Use secure websites for online transactions. When buying tickets or making online reservations, make sure that you’re using a secure website. Look for a padlock on the page, and the letter “s” in the URL after “http.”  If neither is present, the site is not secure and your payment information may not be safe. Spelling and grammatical errors, capital letters where there should be lowercase and vice versa, as well as a newly formed website are red flags the “company” may not be local or legitimate.

Do your research. If buying online from a third-party seller, request a fax copy of the tickets before making payment to confirm the seats match up with the venue. Look for authentic security marks on the actual paper tickets.

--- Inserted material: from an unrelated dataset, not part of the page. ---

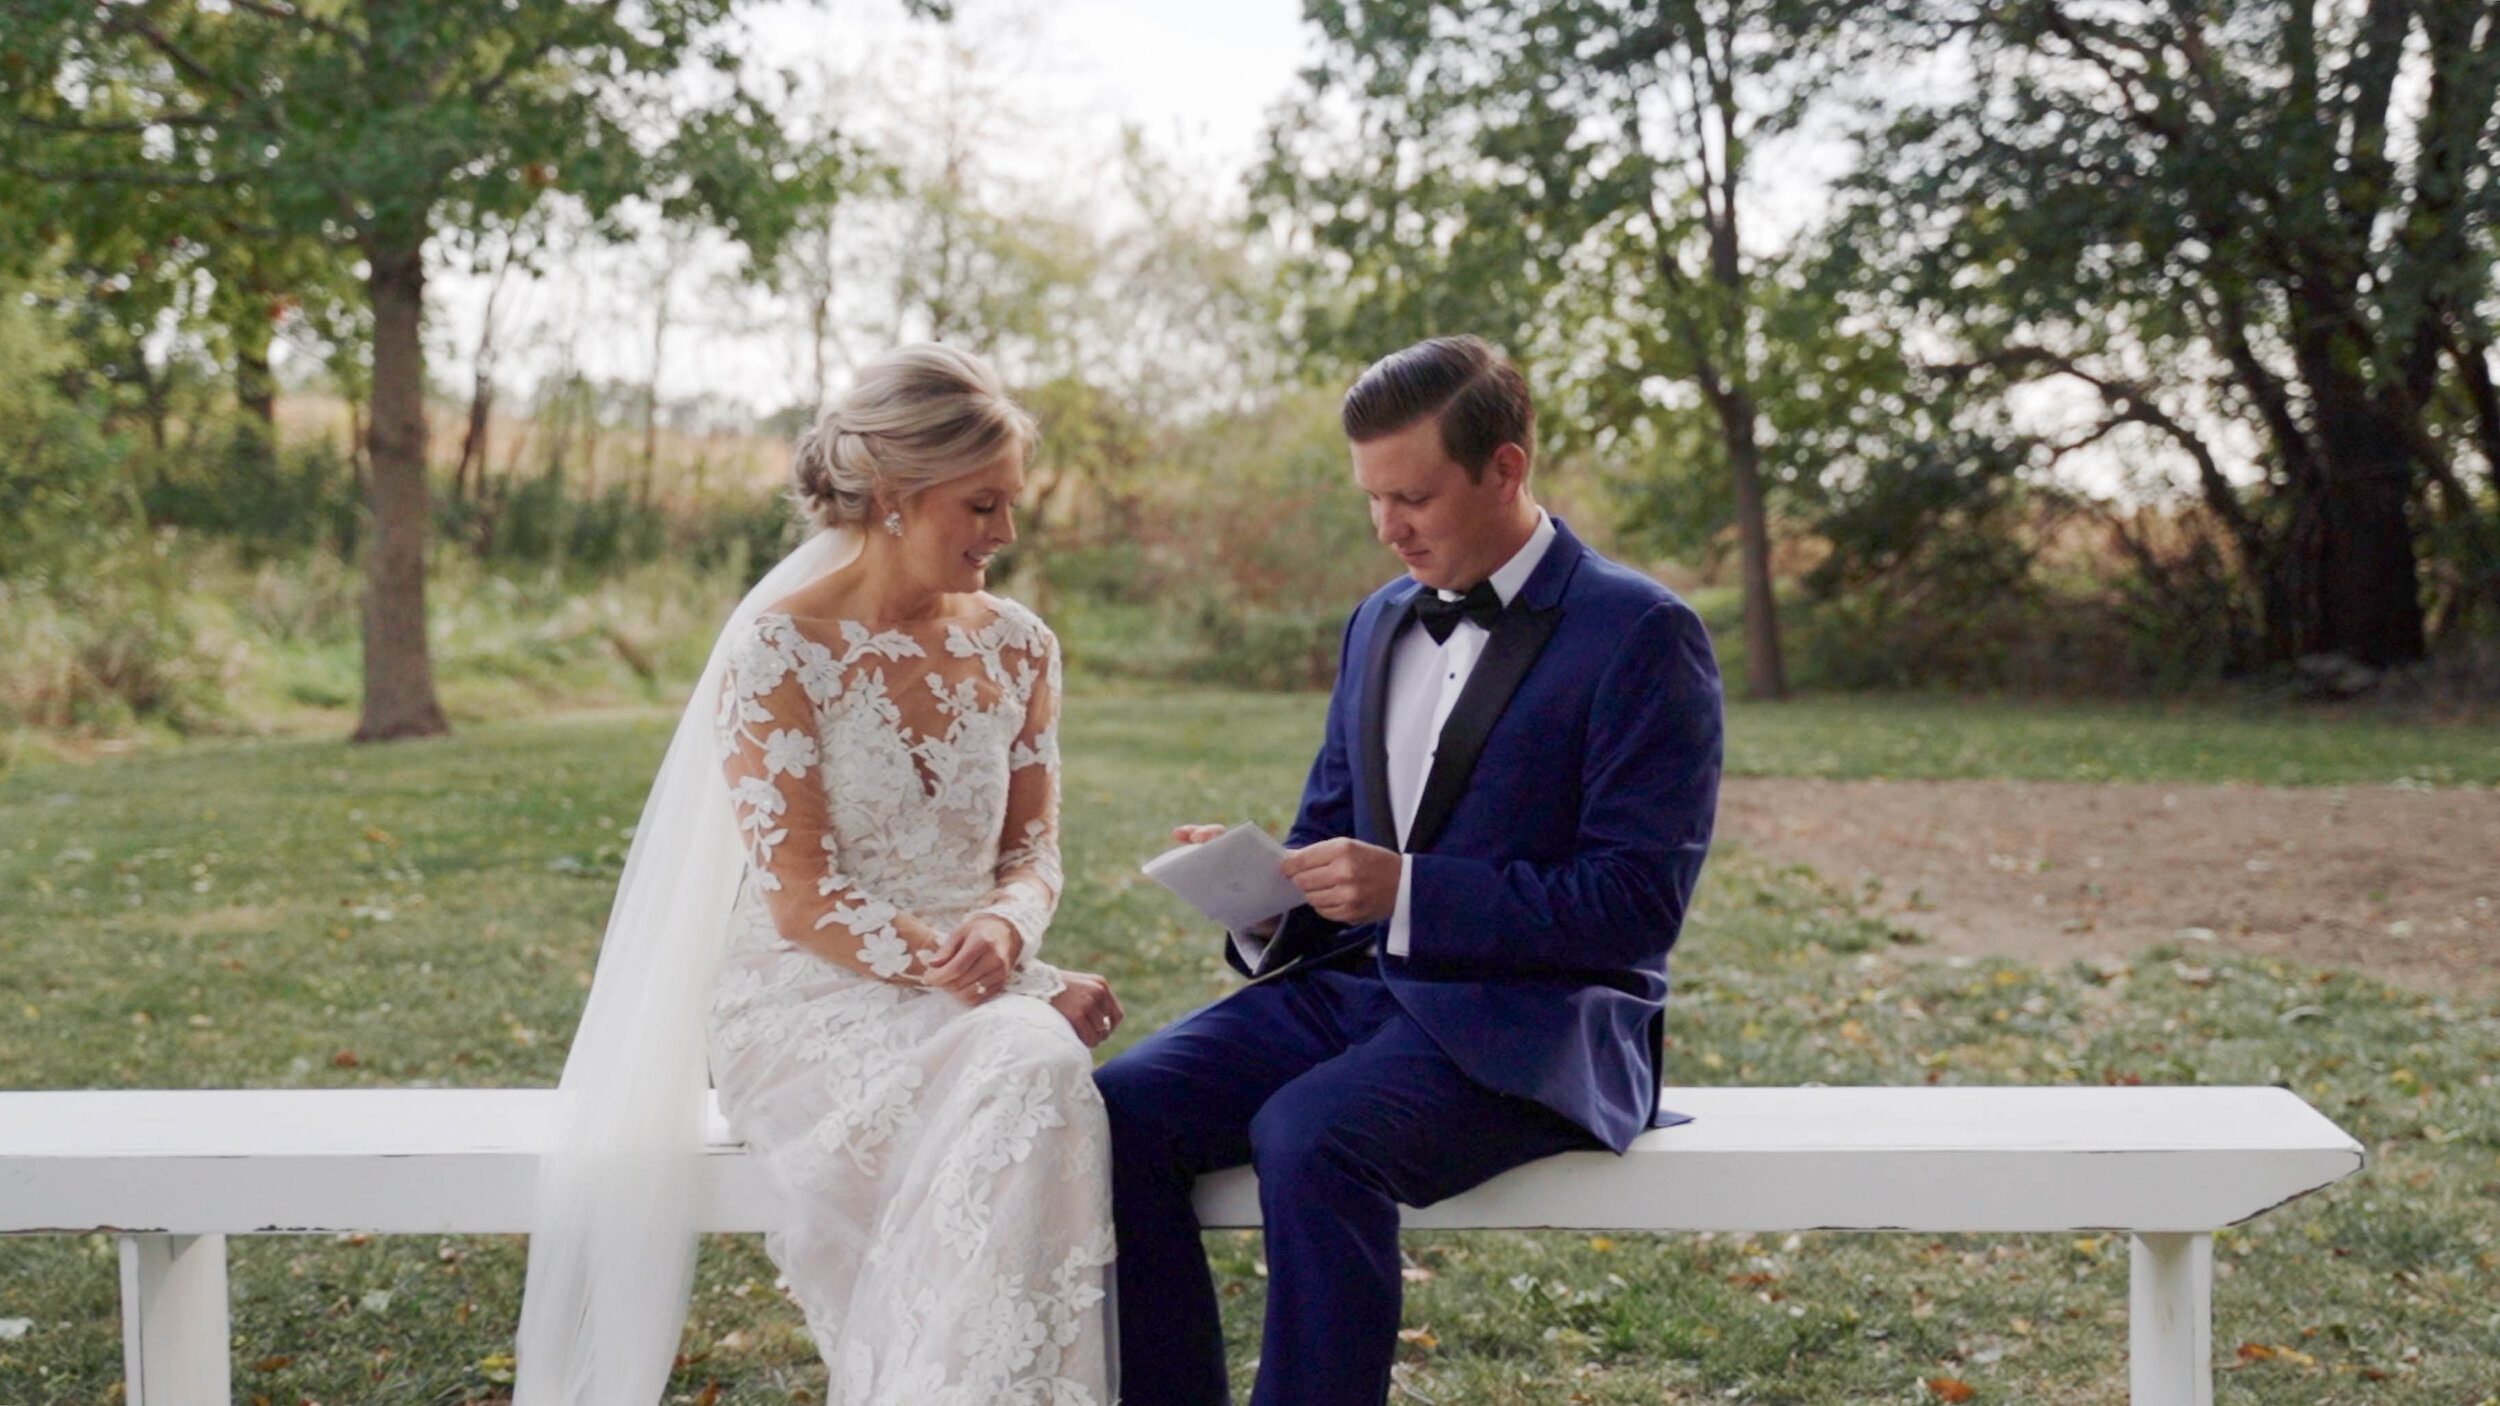 Stl wedding videography bride and groom reading letters

Don’t believe you’re that lucky. The reason tickets are expensive is because they’re hard to get and the chances of getting lucky and finding a deal are slim. If a situation sounds too good to be true, such as someone selling tickets for much less than offered elsewhere, be leery.

Pay with a credit card. Paying with a credit card is a secure way to do business and offers the most protection should something go wrong. Never pay by reloadable debit card or wire transfer money to someone you don’t know. Meet in person if possible.

Be prepared to pay additional fees. Unlike airline tickets, which are now required by law to disclose all taxes and additional fees upfront, the ticket price listed at the start of the purchasing process will likely not be your final price.